→ What is required: Leave the pictures out. Return the rest of the listing below exactly.

→ Input data:
_ _ _ _ _ _ _
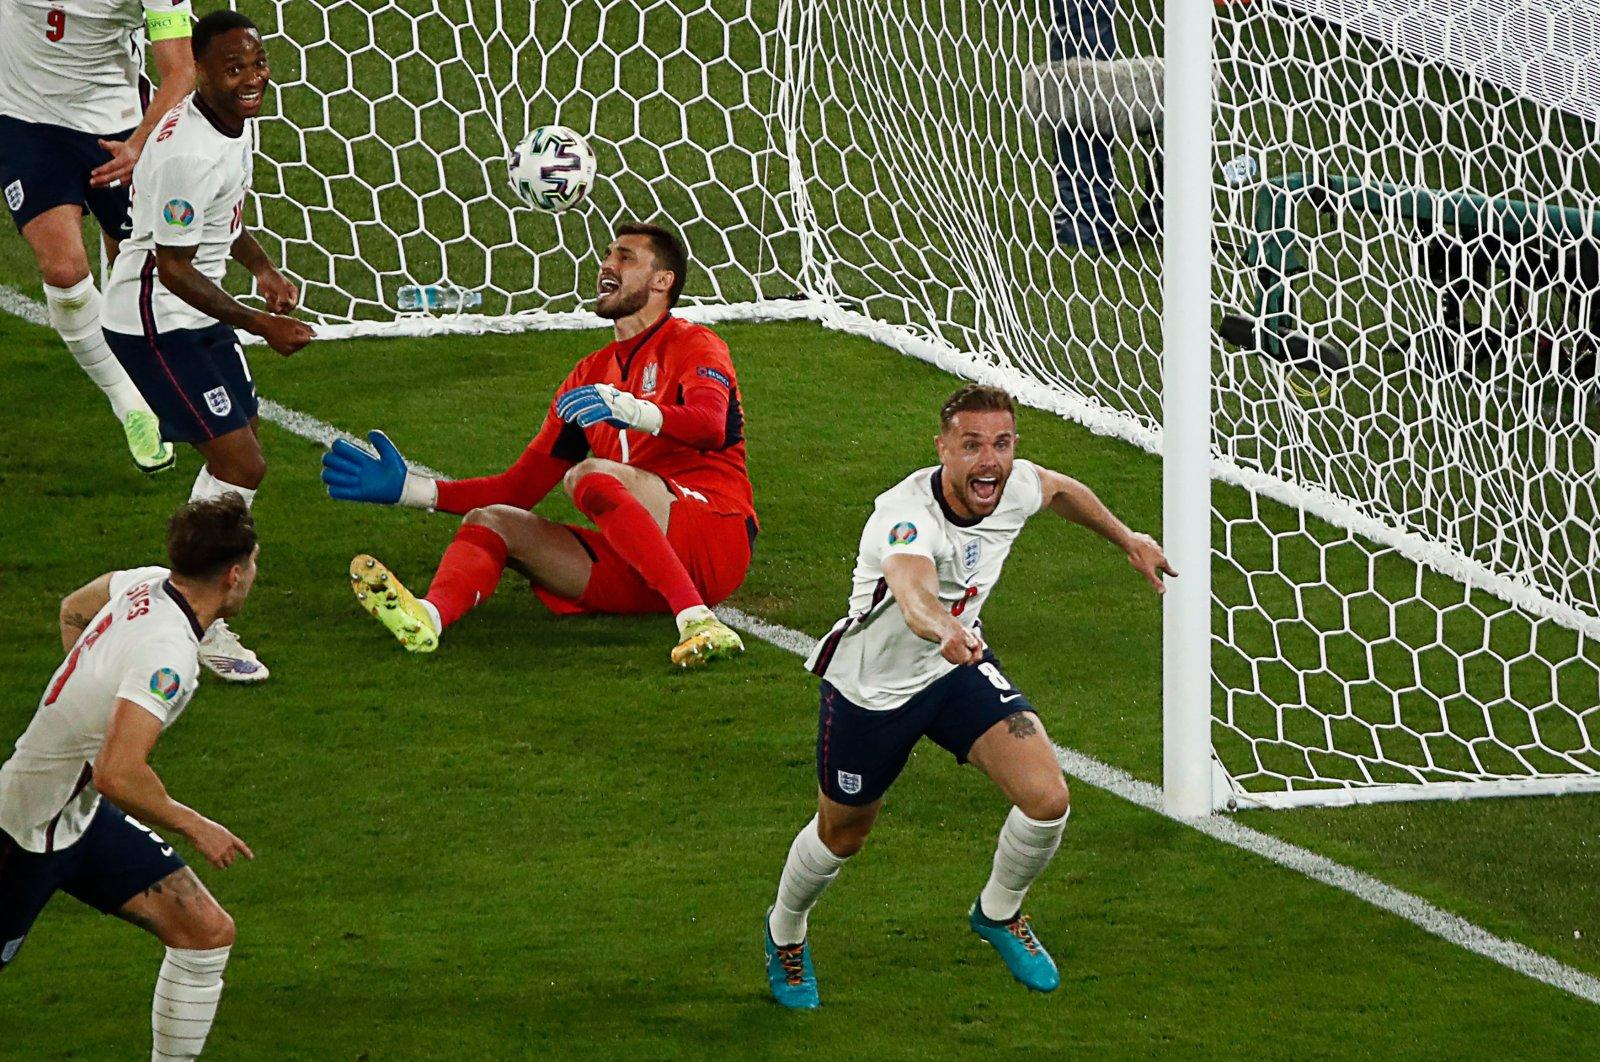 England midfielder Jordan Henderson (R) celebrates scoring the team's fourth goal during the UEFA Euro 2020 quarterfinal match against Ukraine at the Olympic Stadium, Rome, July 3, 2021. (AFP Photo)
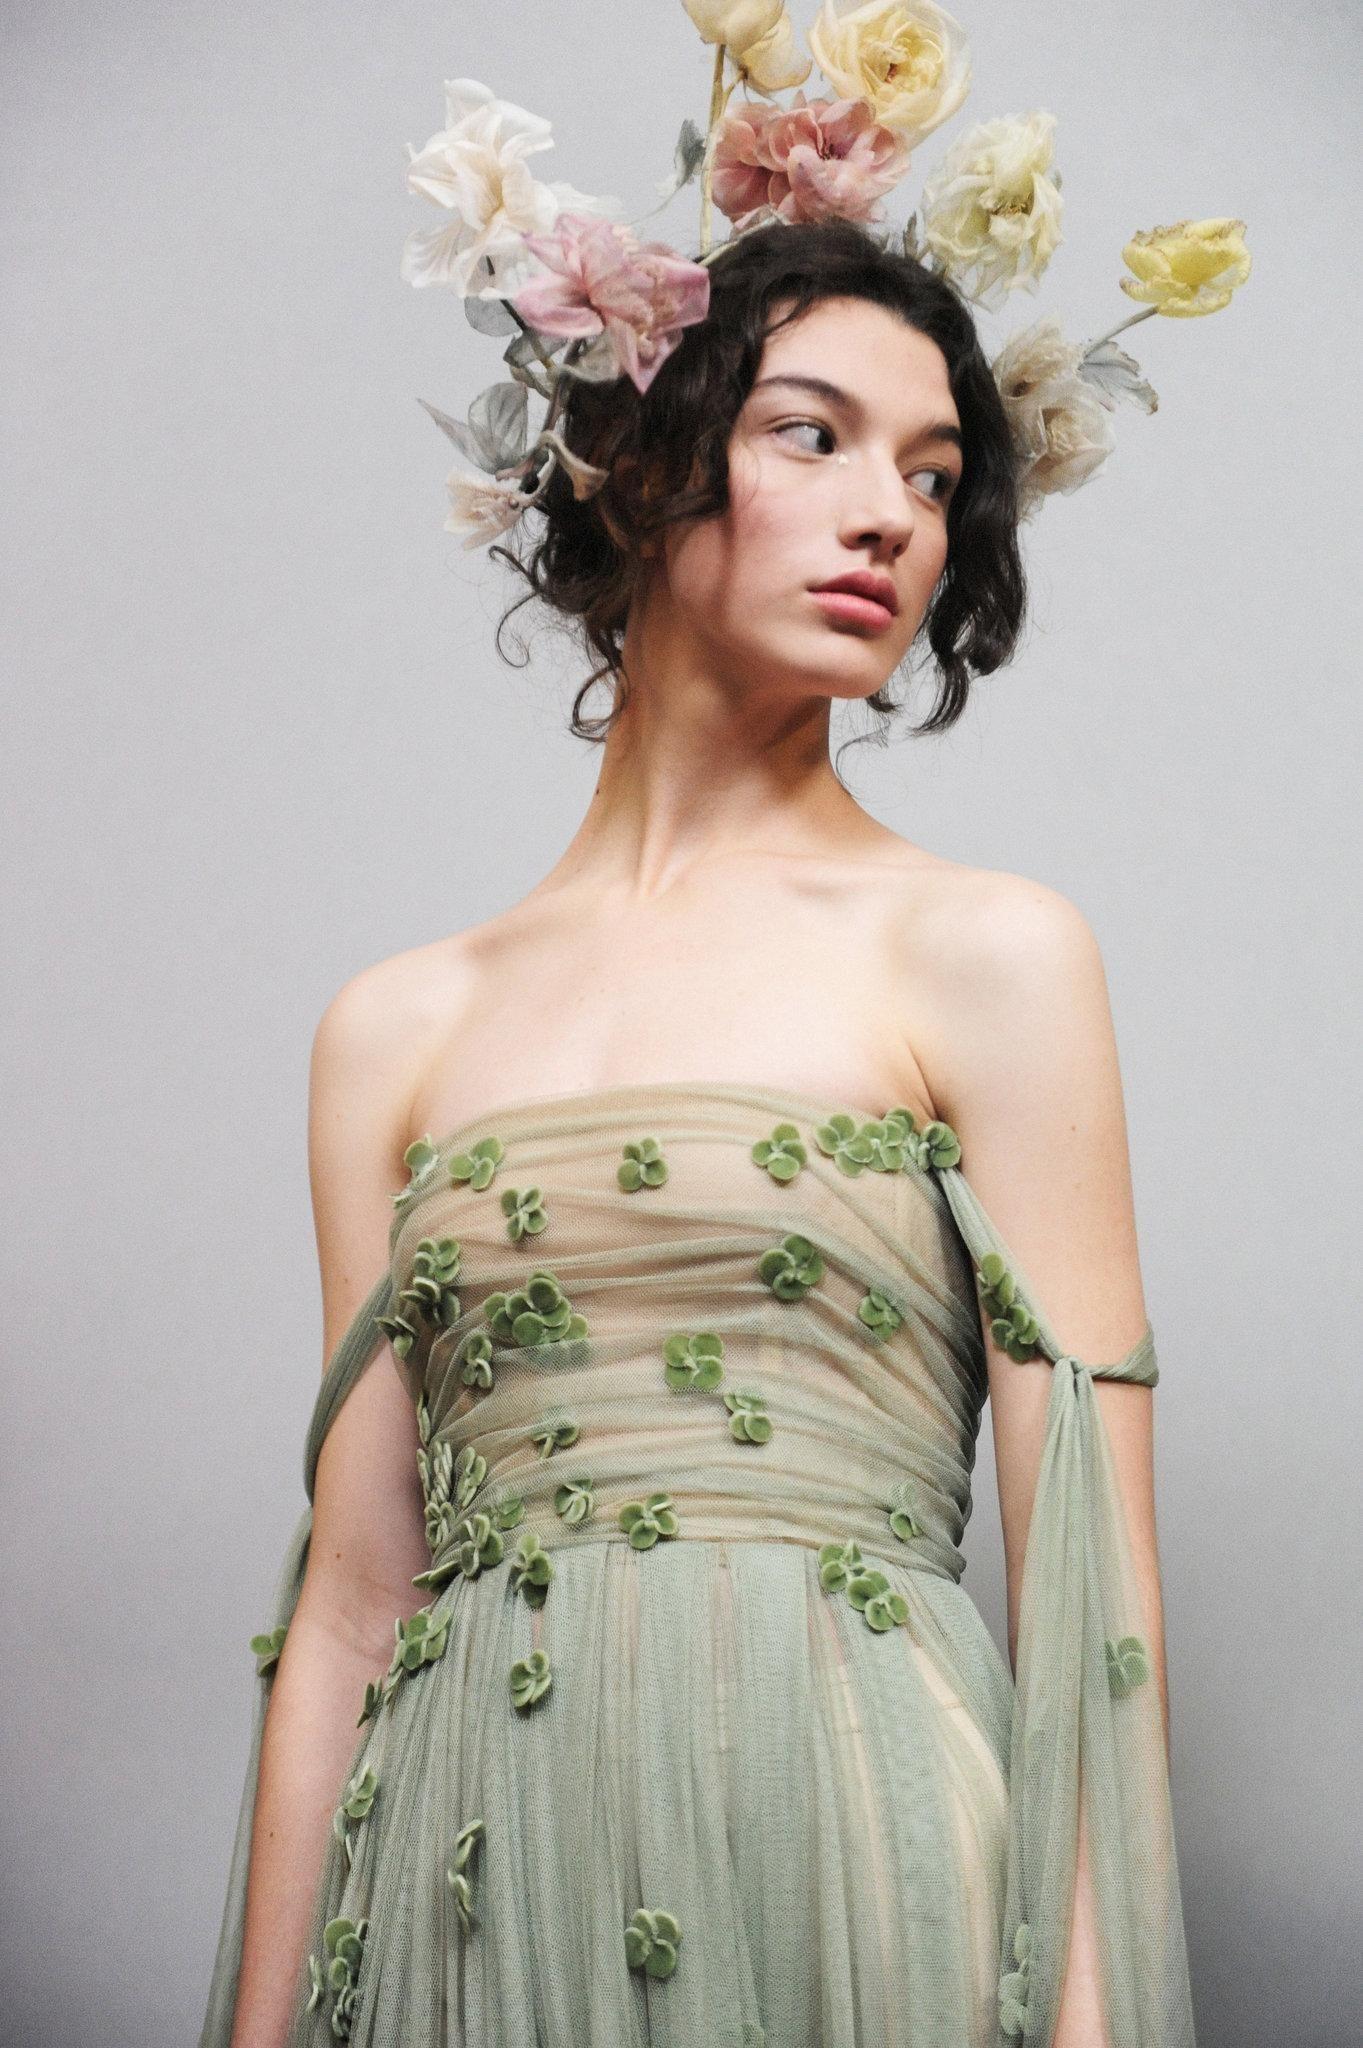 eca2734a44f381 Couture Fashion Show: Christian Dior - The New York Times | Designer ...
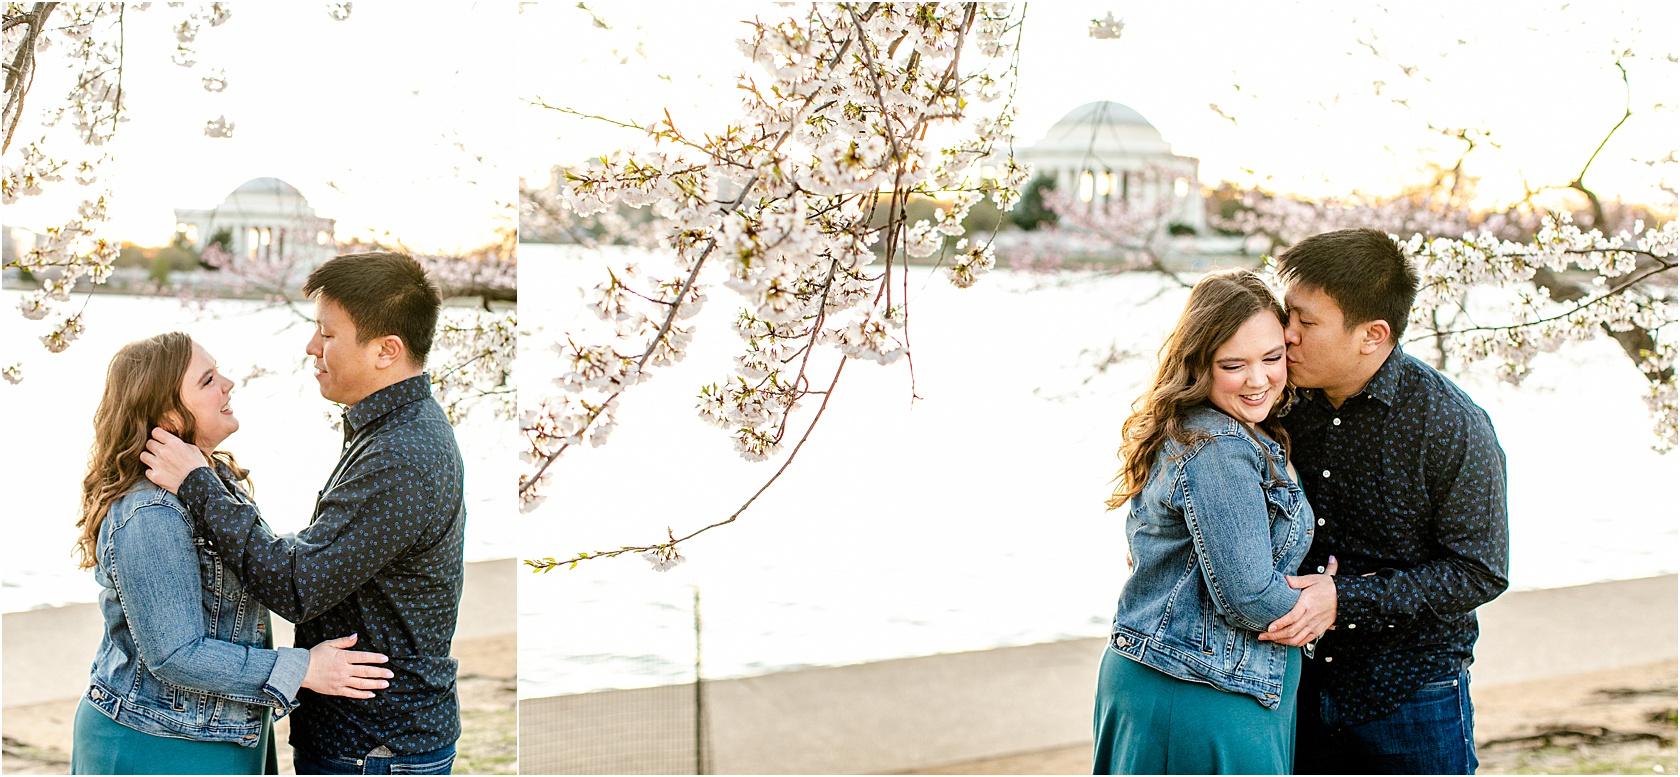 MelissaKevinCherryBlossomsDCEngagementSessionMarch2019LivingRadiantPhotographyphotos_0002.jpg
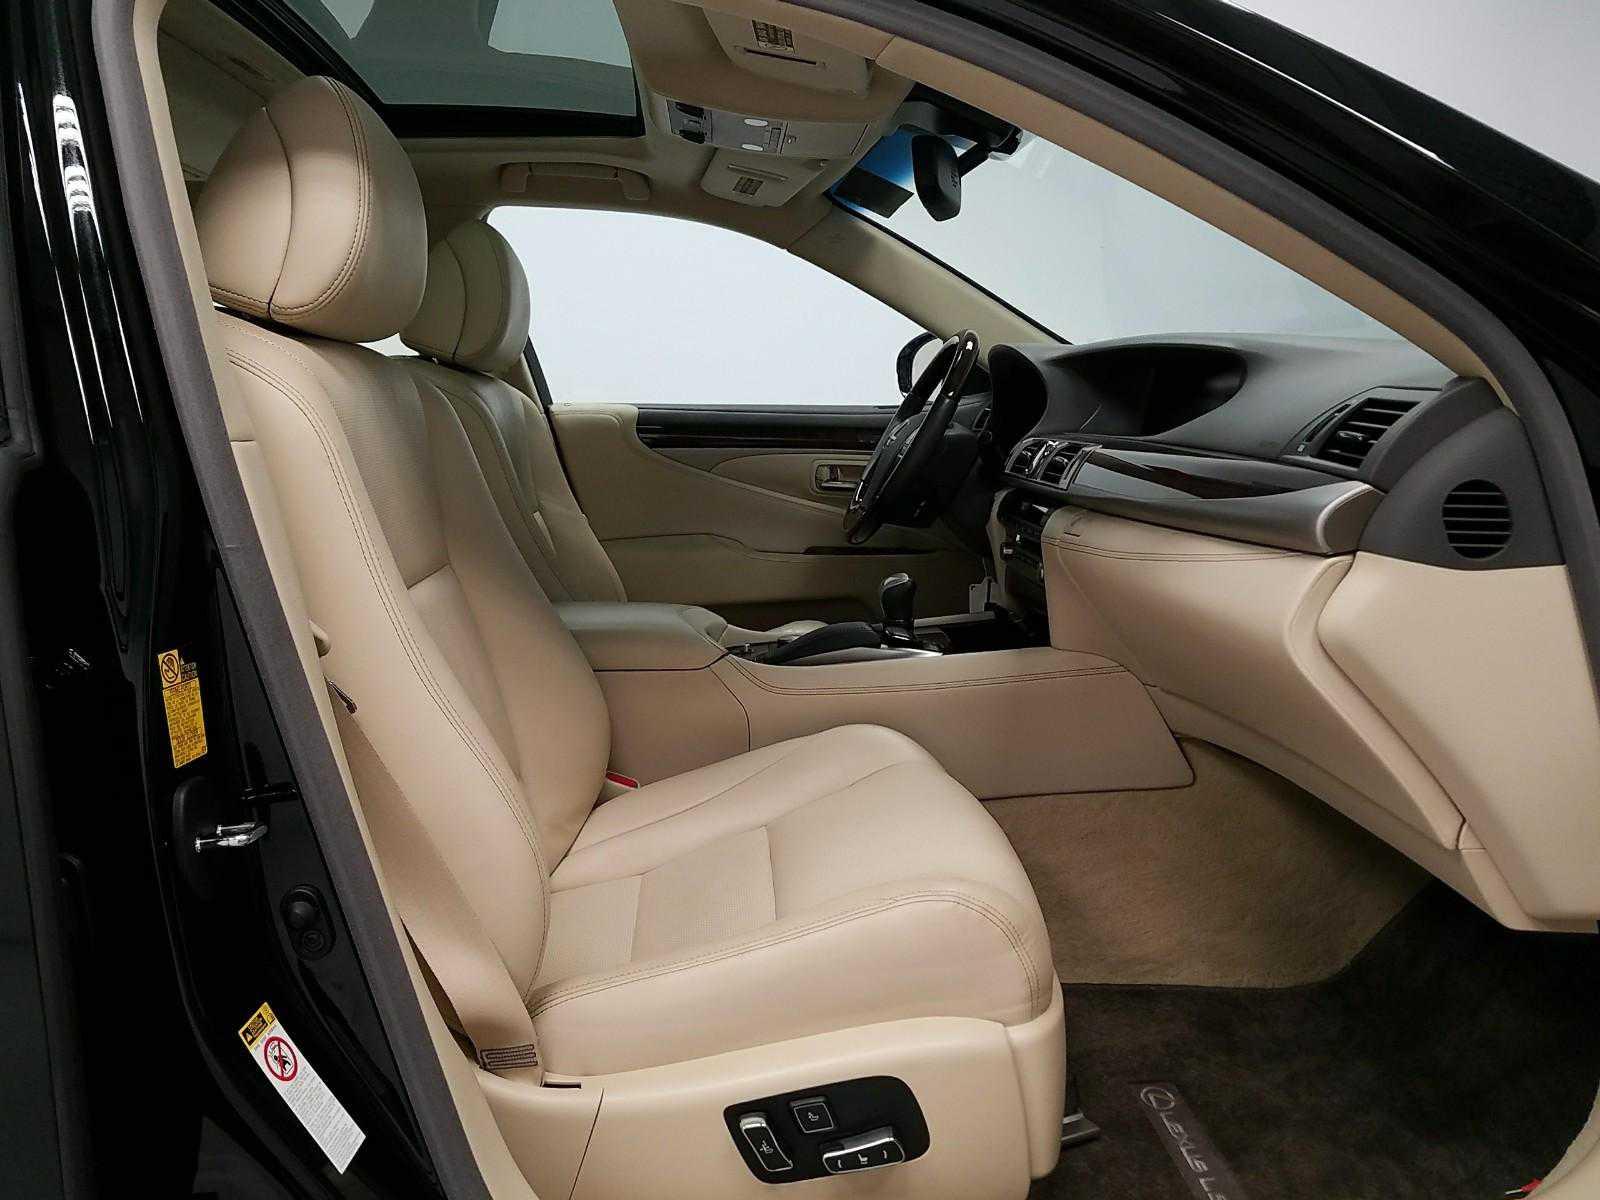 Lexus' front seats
_ _ _ _ _ _ _
→ Finished task:
 England midfielder Jordan Henderson (R) celebrates scoring the team's fourth goal during the UEFA Euro 2020 quarterfinal match against Ukraine at the Olympic Stadium, Rome, July 3, 2021. (AFP Photo)
 eca2734a44f381 Couture Fashion Show: Christian Dior - The New York Times | Designer ...
 MelissaKevinCherryBlossomsDCEngagementSessionMarch2019LivingRadiantPhotographyphotos_0002.jpg
 Lexus' front seats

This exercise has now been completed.